Karaoke Parents


Kids need parents, not more friends.

Like karaoke patrons, who grab a microphone and try to sing like Barry Manilow did in the 1970s, karaoke parents attempt to sound like their child, dress like their child, talk like their child, and even be cool like their child. They hunger to be a buddy to their kids and emulate this younger generation. They somehow hope to stay cool and “hip” so they can relate to their children all through their young adult years. They’re at the forefront of a culture-obsessed notion with staying young.

While there’s nothing inherently wrong about this, I’ve seen it create confusion with children who wonder, “Is that adult just my cool older buddy or my leader and example?” More seriously, karaoke parents may not offer kids the boundaries and authority they desperately need. Sadly, children of karaoke parents often grow up needing a therapist at twenty-eight, angry at their impotent parent.

The problem: Karaoke parents often don’t provide their kids the clear parameters that build security and self-esteem. They want to be liked more than respected.

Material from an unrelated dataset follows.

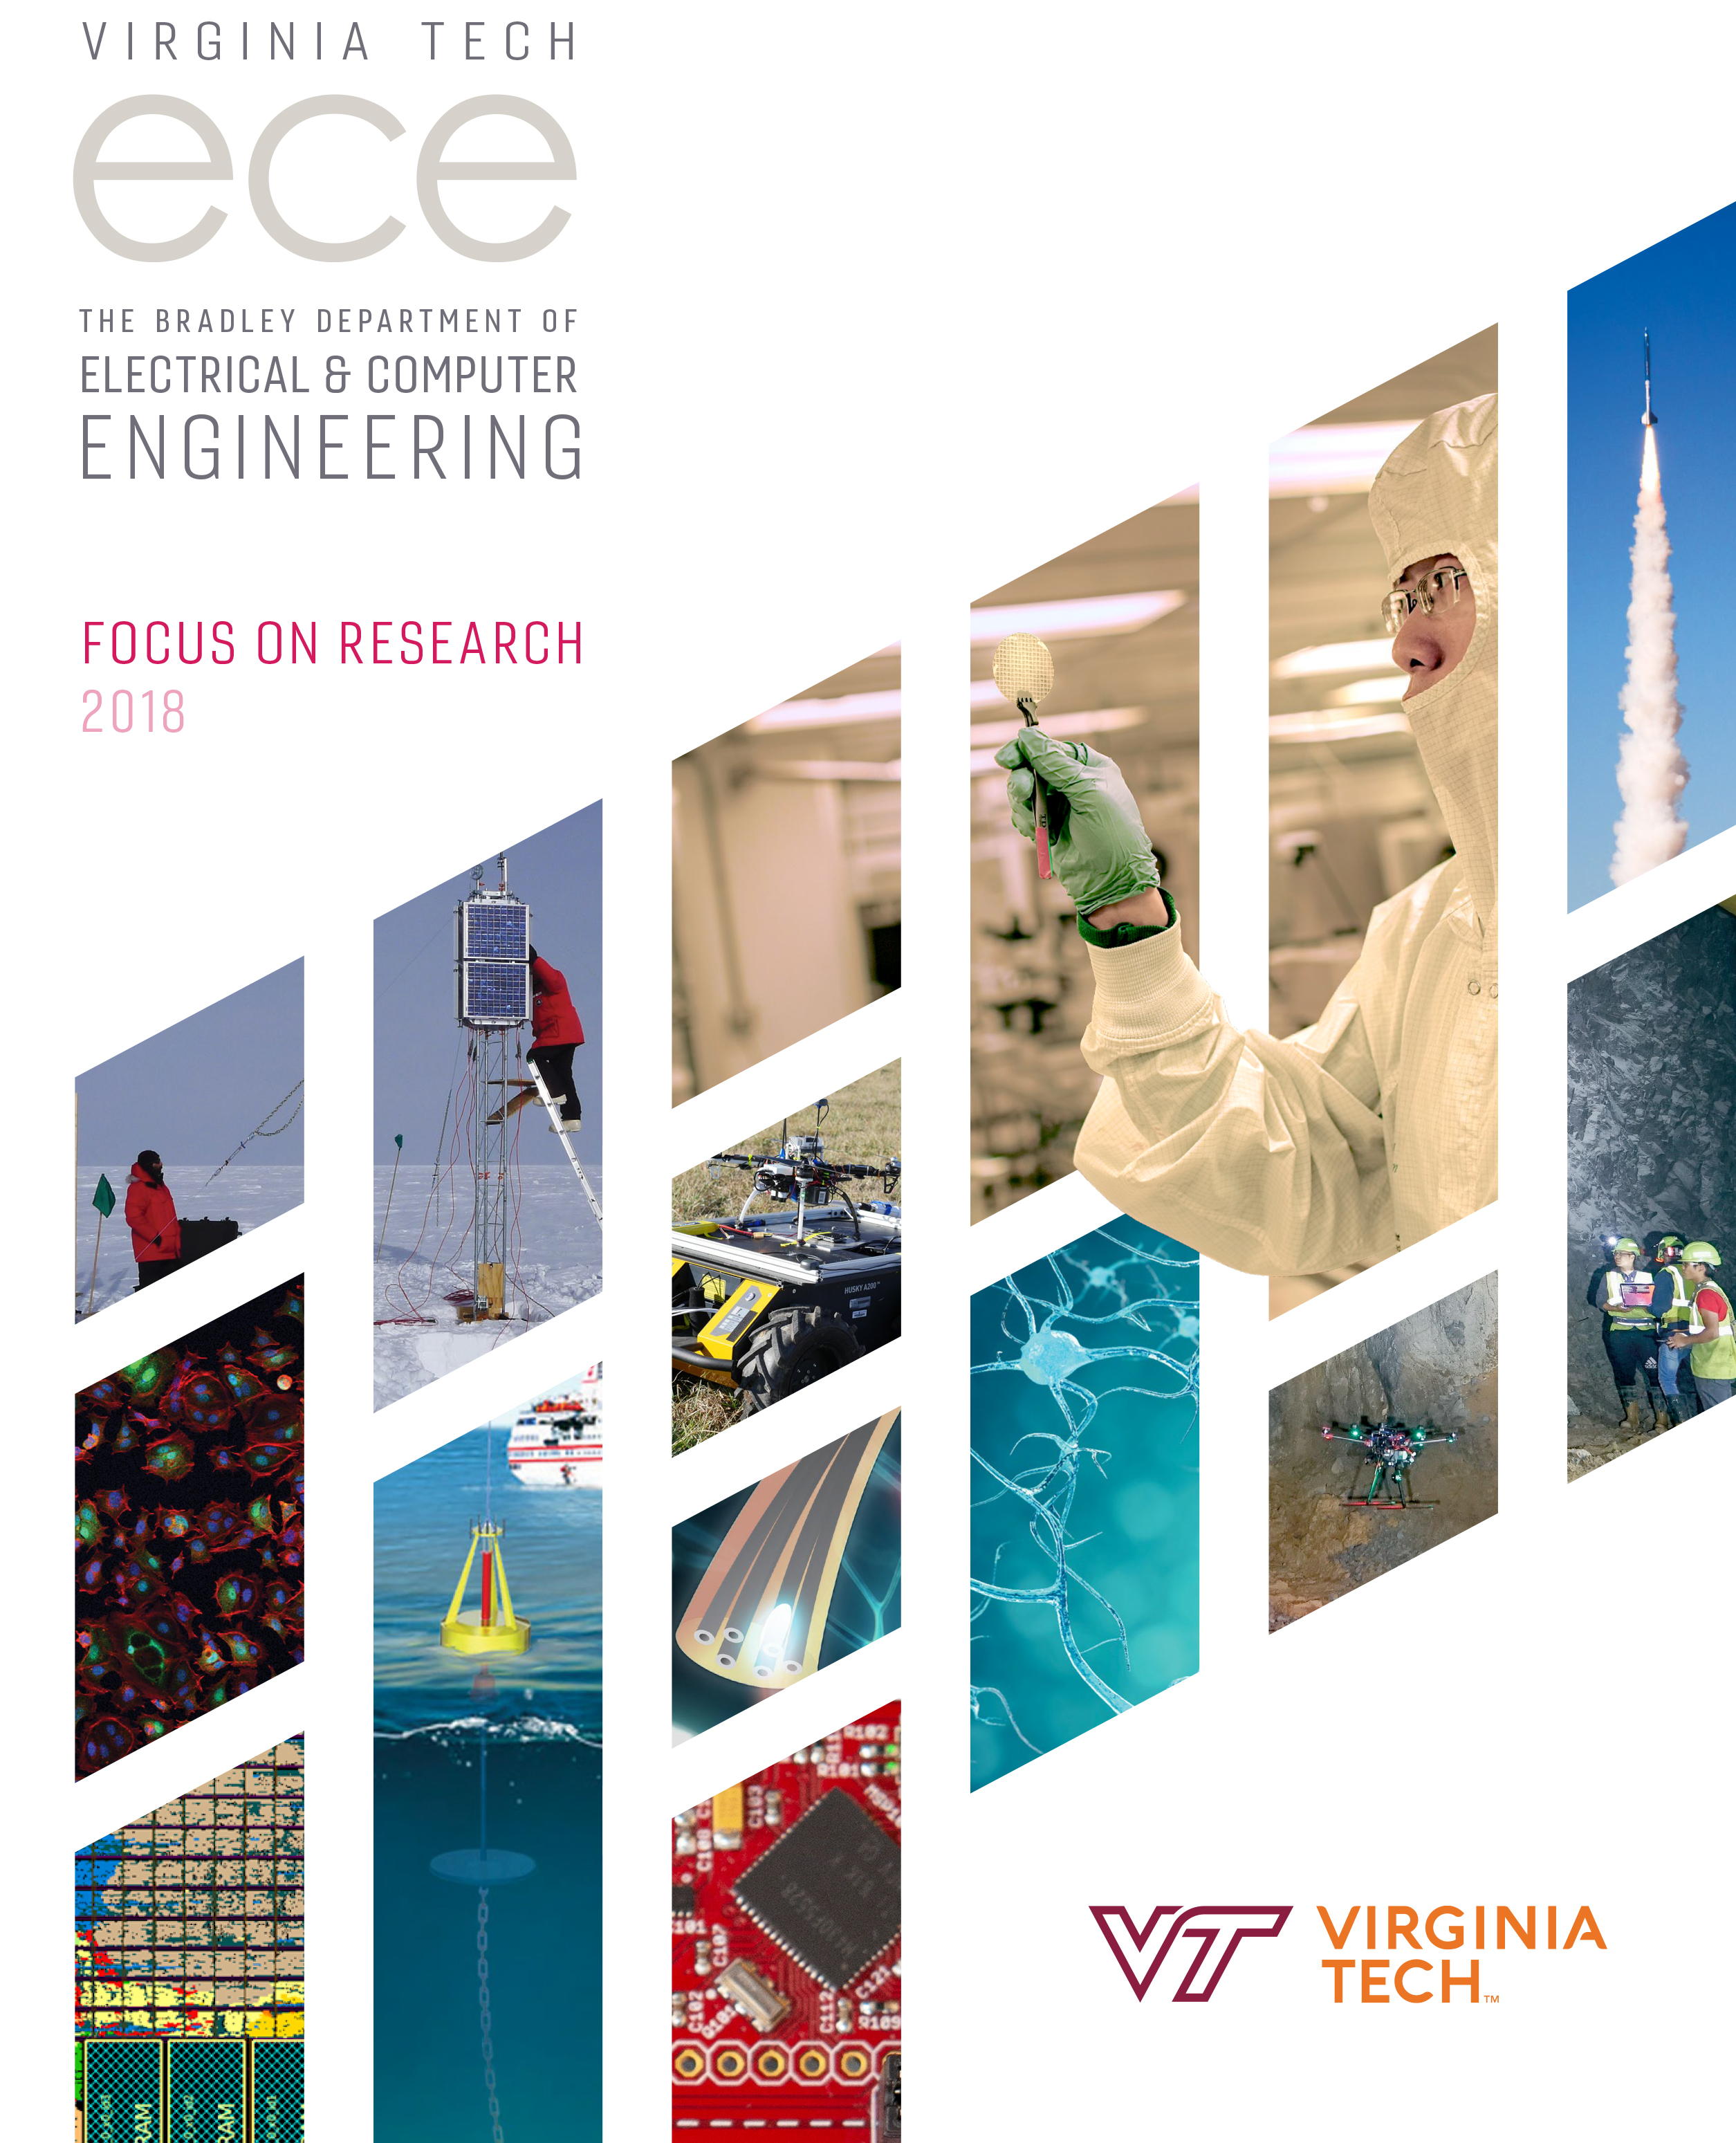 Focus on Research 2018

The issue: Frequently, parents assume the karaoke style because of their own emotional insecurities. They may worry about aging, struggle with the need to be liked, or feel uncomfortable with adult responsibilities. These adults rationalize why they do what they do, but in the end, the only remedy is for them to embrace their own age and stage in life. They must relate to the young people in an appropriate manner and focus on the kids’ needs more than their own. And the truth is, kids have plenty of peers. What they need is parents they can admire and respect.